─── Raw data

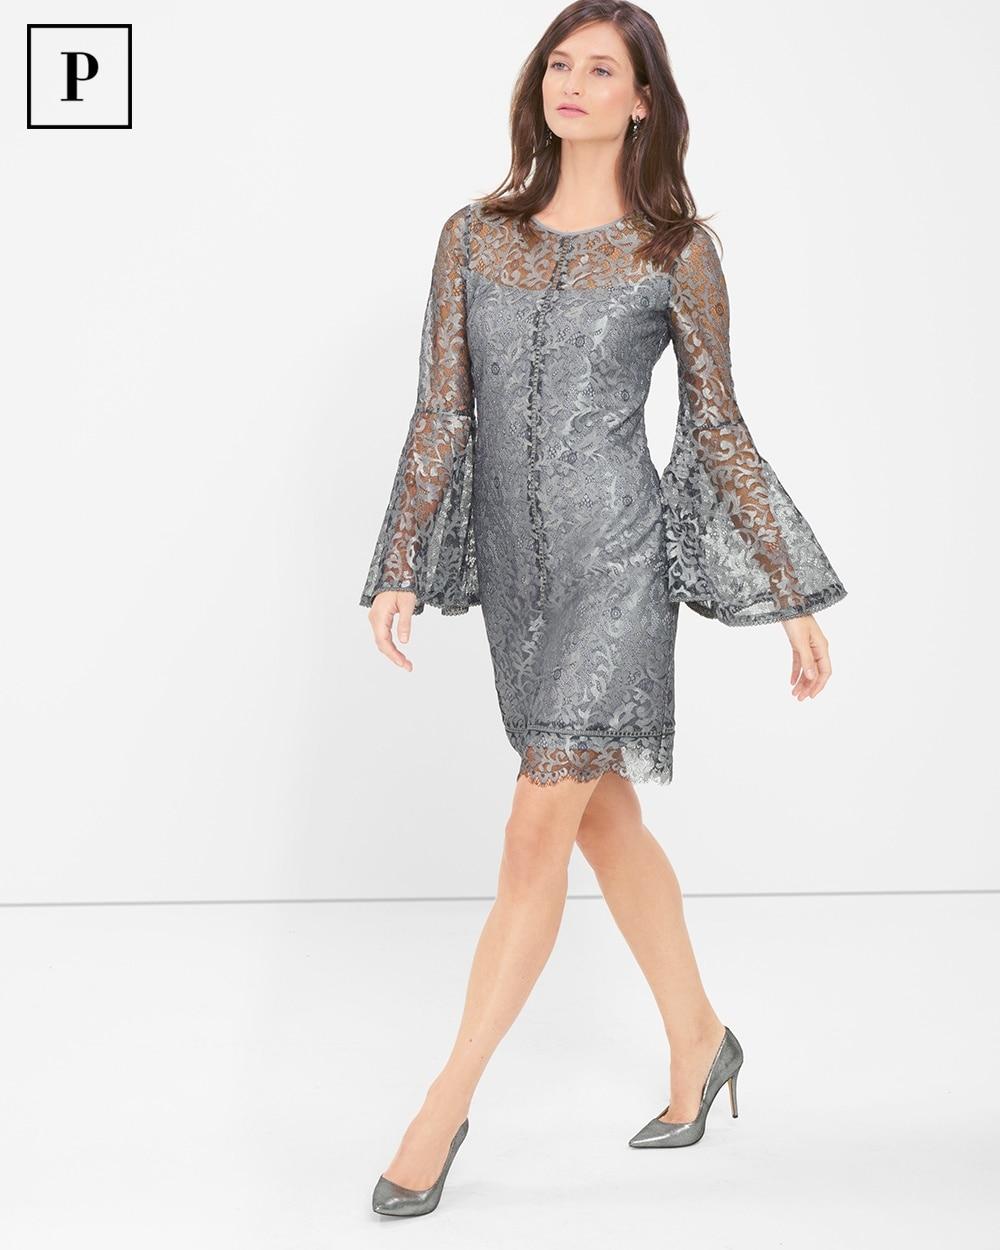 e285ead4fa Return to thumbnail image selection Petite Metallic Lace Bell-Sleeve Shift  Dress video preview image
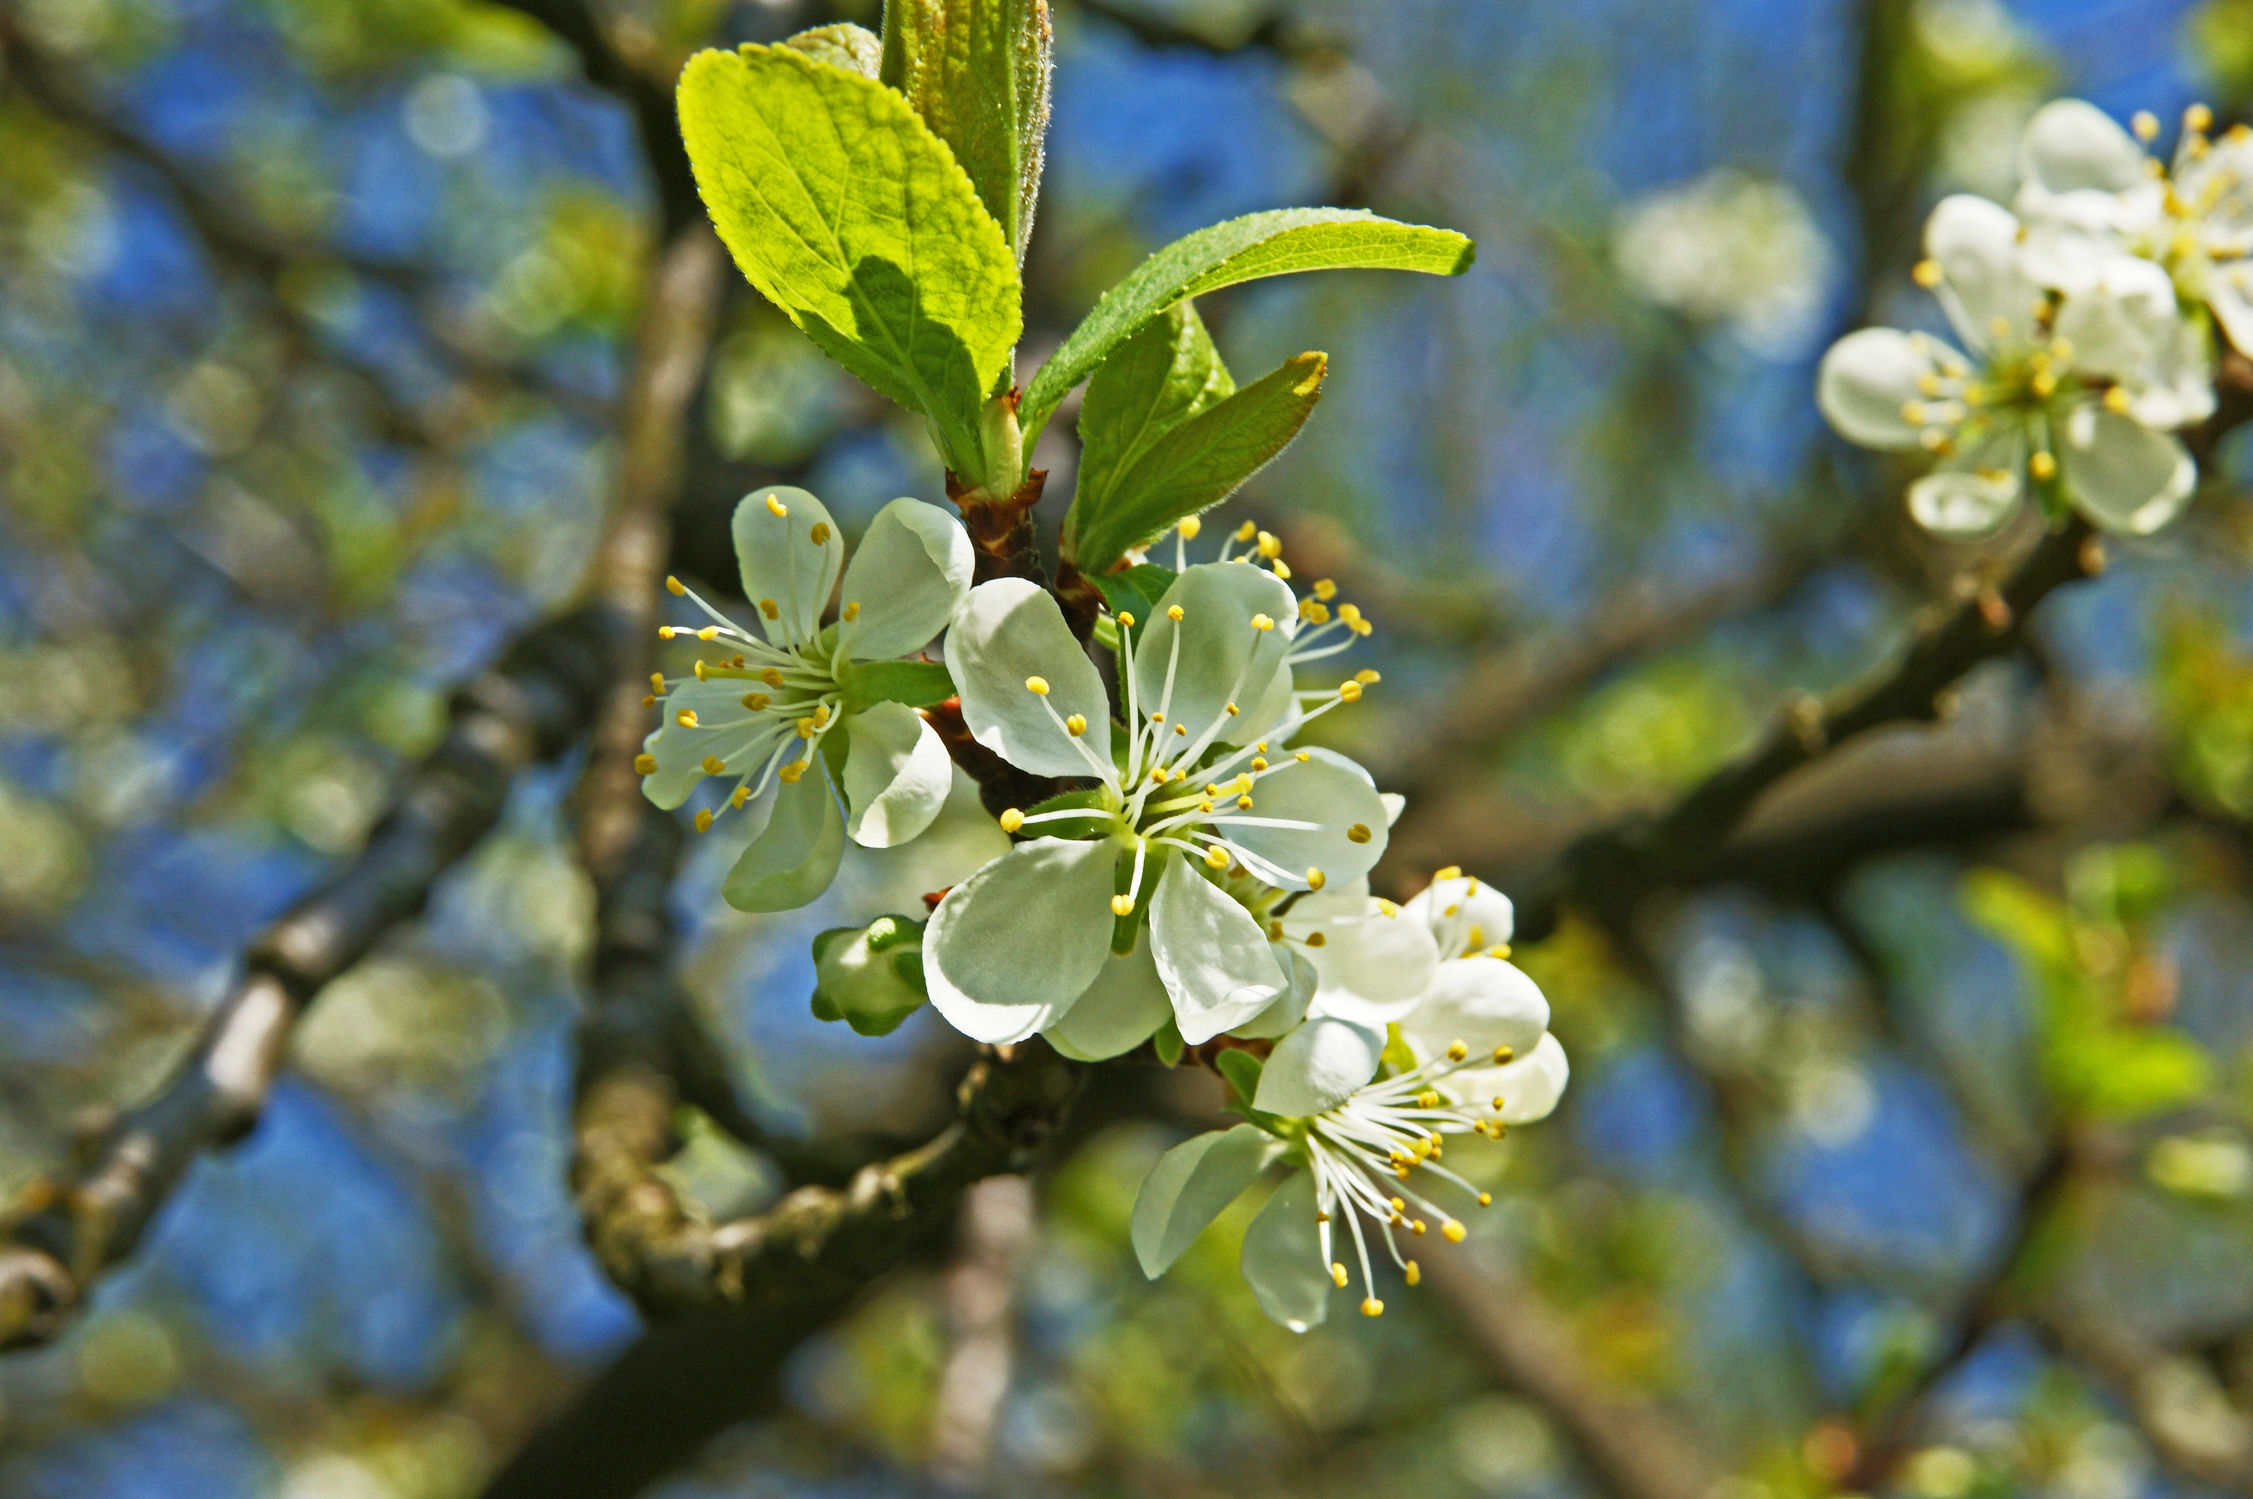 Bild mit Himmel, Bäume, Baum, obstblüten, Blüten, blüte, nahaufnahme, nahaufnahmen
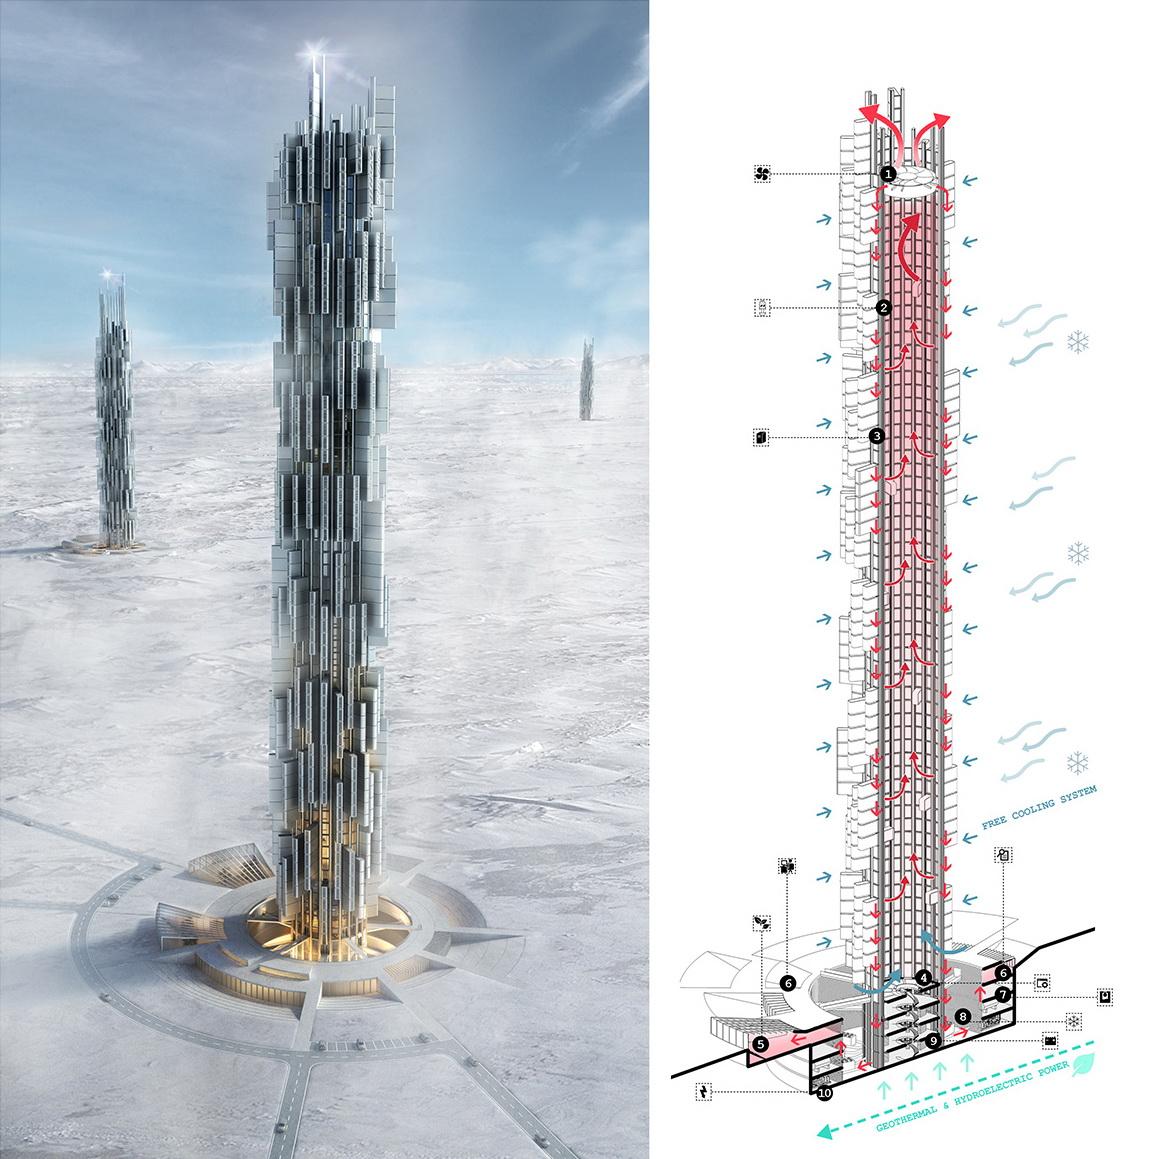 дата-центр Data Tower в форме небоскреба

──────

Assigned task: Please restate all of the listing above word for word, with no pictures.

Finished task:
 e285ead4fa Return to thumbnail image selection Petite Metallic Lace Bell-Sleeve Shift  Dress video preview image
 Bild mit Himmel, Bäume, Baum, obstblüten, Blüten, blüte, nahaufnahme, nahaufnahmen
 дата-центр Data Tower в форме небоскреба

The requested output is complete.